Chapter 3

Question 1

Bernoulli’s Principle

Answer 1

As the velocity of a fluid increases, its internal pressure decreases.

Question 2

Venturi

Answer 2

Tube which is narrower in the middle than at the ends.

Question 3

Airfoil

Answer 3

Any surface which provides aerodynamic force when it interacts with a moving stream of air.

Question 4

Upwash

Answer 4

Deflection of oncoming airstream upward and over the wing.

Question 5

Leading edge

Answer 5

Part of airfoil that meets the airflow first

Question 6

Trailing edge

Answer 6

Portion of airfoil where airflow over upper surface and lower surface join

Question 7

Downwash

Answer 7

Downward deflection of airstream as it passes over wing and past the trailing edge.

Question 8

Angle of Attack

Answer 8

Angle formed by wing chord line and relative wind.

Question 9

Relative Wind

Answer 9

Airflow which is parallel to and opposite the flight path of the airplane.

Question 10

Camber

Answer 10

Characteristic curve of the airfoil’s upper and lower surfaces.

Question 11

Chord Line

Answer 11

An imaginary straight line drawn through airfoil from leading edge to trailing edge.

Question 12

Lift acts _____ to the relative wind, regardless of angle of attack.

Answer 12

Perpendicular.

Question 13

Coefficient of Lift (C_L)

Answer 13

A way to measure lift as it relates to the angle of attack.

Question 14

How is C_L determined?

Answer 14

Wind tunnel tests. Based on airfoil design and angle of attack.

Question 15

Stall

Answer 15

Separation of airflow from the wing’s upper surface. Results in rapid decrease of lift.

Question 16

Stalling or critical angle of attack

Answer 16

For a given airplane, a stall always occurs at the same angle regardless of airspeed, flight attitude, or weight.

Question 17

First indications of stall in training airplane?

Answer 17

• mushy controls
• stall warning device
• slight buffering of airplane

Question 18

What is the essential goal of recovering from a stall?

Answer 18

Restore smooth airflow by decreasing angle of attack to a point below the critical angle of attack.

Question 19

C_LMax

Answer 19

Angle of attack that has the maximum amount of lift. After this point lift decreases rapidly.

Question 20

Four main design considerations for wing design

Answer 20

1) wing planform
2) camber
3) aspect ratio
4) total wing area

Question 21

Boundary layer

Answer 21

Thin layer of air next to the surface of an airfoil which shows a reduction in speed due to air’s viscosity.

Question 22

The boundary layer can be described in two ways what are they?

Answer 22

Laminate or turbulent

Question 23

Laminar flow

Answer 23

Begins near leading edge. Consists of smooth laminations of air sliding over one another.

Question 24

Aspect Ratio

Answer 24

Span of wing tip to wing tip, divided by average chord. Higher the aspect ratio, the higher the efficiency of the wing.

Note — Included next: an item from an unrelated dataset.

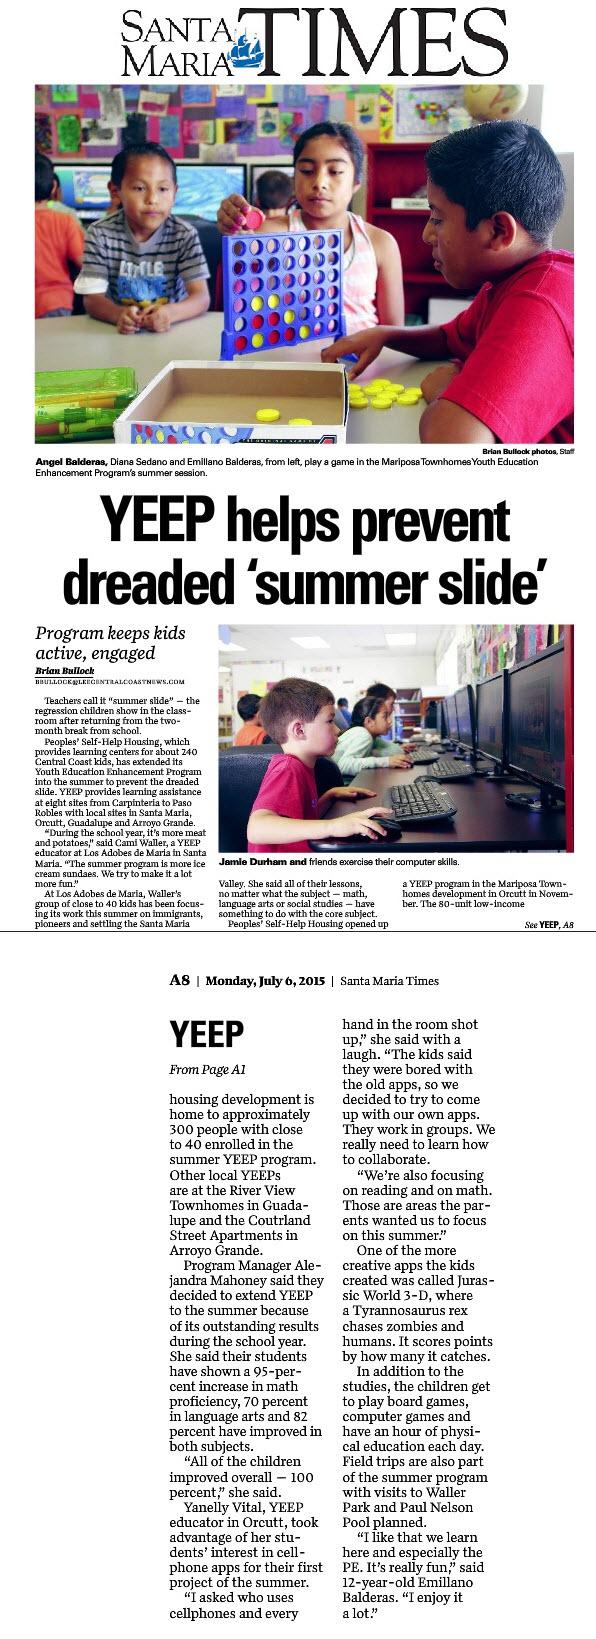 YEEP helps prevent dreaded 'summer slide' - Santa Maria Times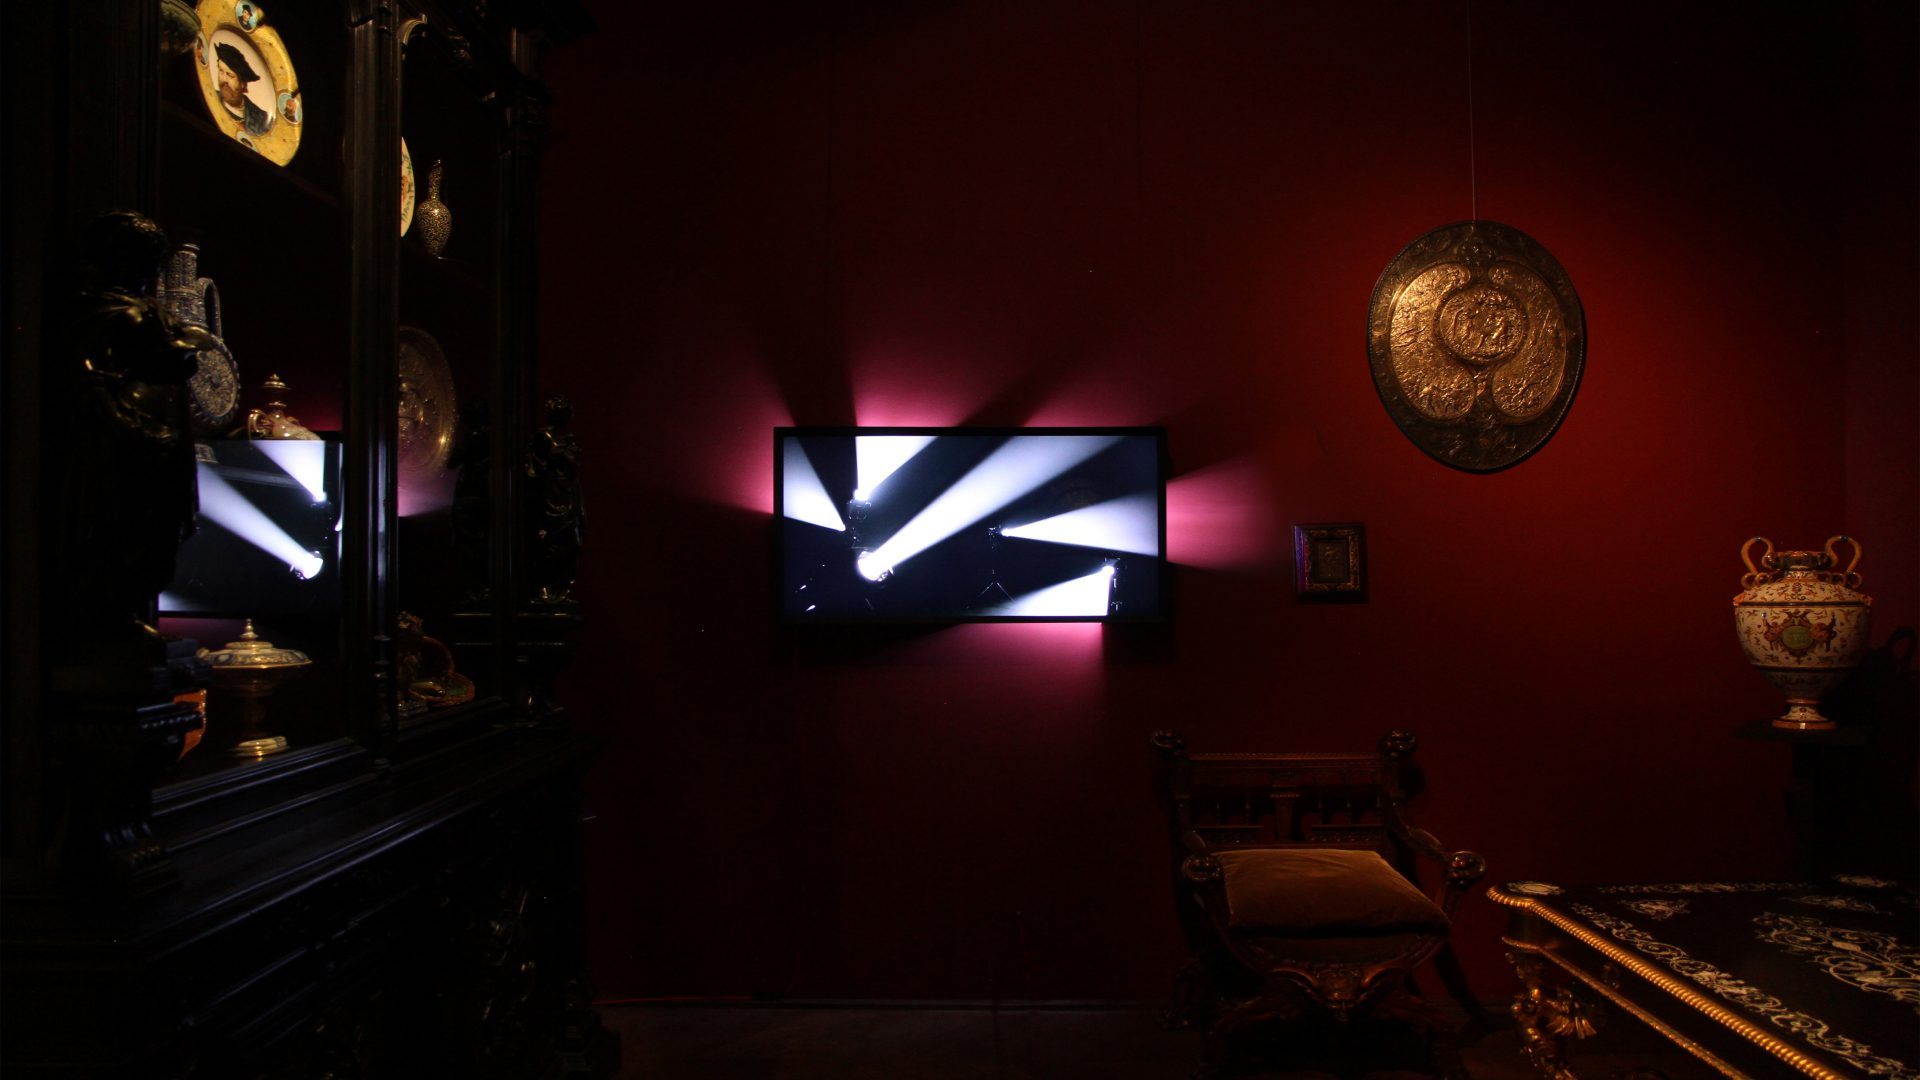 L'image éclaire - Light beams screen - Arts decoratifs Museum of Paris, 2016 / Credits : RF Studio

One of primary factors in determining lift/drag characteristics. At a given angle of attack, a higher aspect ratio produces less drag for the same amount of lift.

Question 25

Wing area

Answer 25

Total surface area of wings.

Question 26

Planform

Answer 26

Shape of airplane’s wing when viewed from above or below.

Question 27

Elliptical Wing

Answer 27

• Ideal for low speeds.
• Minimum drag for a given aspect ratio
• Difficult to construct
• Stall characteristics not as favorable as rectangular wing

Question 28

Rectangular Wing

Answer 28

• not as efficient as elliptical wing

- tendency to stall first at wing root which provides adequate stall warning and aileron effectiveness

Question 29

Tapered Wing

Answer 29

• decrease in drag and increase in lift which is most effective at high speeds
• highly tapered wing stalls first inboard of tip

Question 30

What is a good compromise between rectangular and tapered wing?

Answer 30

Rectangular inboard followed by taper outboard. Good stall characteristics. Reduction in weight. Improves aspect ratio.

Question 31

Sweptback wings

Answer 31

Efficient at high speeds. Low speed performance not so good.

Question 32

Angle of incidence

Answer 32

The angle that the chord line is attached to the fuselage with. Typically slightly upward.

Question 33

Wing twist or washout

Answer 33

Characteristic where wing tip has less angle of incidence than wing root. Gives better stall characteristics.

Question 34

Why is stalling at the wing tips first at bad characteristic?

Answer 34

Reduced aileron effectiveness. May get to the point where it’s impossible to control airplane about its longitudinal axis.

Question 35

Stall strips

Answer 35

Two metal strips attached to leading edge near fuselage. Disrupt airflow at higher angles of attack to cause wing area behind them to stall before wingtip does.

Question 36

What is a benefit to using wing twist?

Answer 36

With the wing tip having a few degrees less angle of incidence when approaching high angles of attack the wing root will stall before the wing tip does, leaving control to the ailerons.

Question 37

What is a by-product of lift?

Answer 37

Drag.

Question 38

How can the pilot increase lift?

Answer 38

Change angle of attack or airspeed. You can also use flaps.

Question 39

How does changing airspeed change lift?

Answer 39

Faster equals more lift. Lift is proportional to the square of airplane’s speed.

Question 40

Flaps

Answer 40

Increase lifting efficiency of the wing and decrease stall speed.

Question 41

Configuration

Answer 41

Refers to position of landing gear and flaps.

Question 42

Clean configuration

Answer 42

Landing gear and flaps are up.

Question 43

Lowering flaps does what to the chord line of the wing?

Answer 43

Increases it.

Question 44

Plain Flap

Answer 44

Attached to wing by a hinge. Increases effective camber and changes wing’s chord line.

Question 45

Split Flap

Answer 45

Hinged only to the lower portion of the wing increases lift but it produces greater drag because of the turbulent wake it causes.

Question 46

Slotted Flap

Answer 46

Changes wing’s camber and chord line. It also allows a portion of high pressure air to travel through a slot. This increases velocity of airflow over the flap and provides additional lift.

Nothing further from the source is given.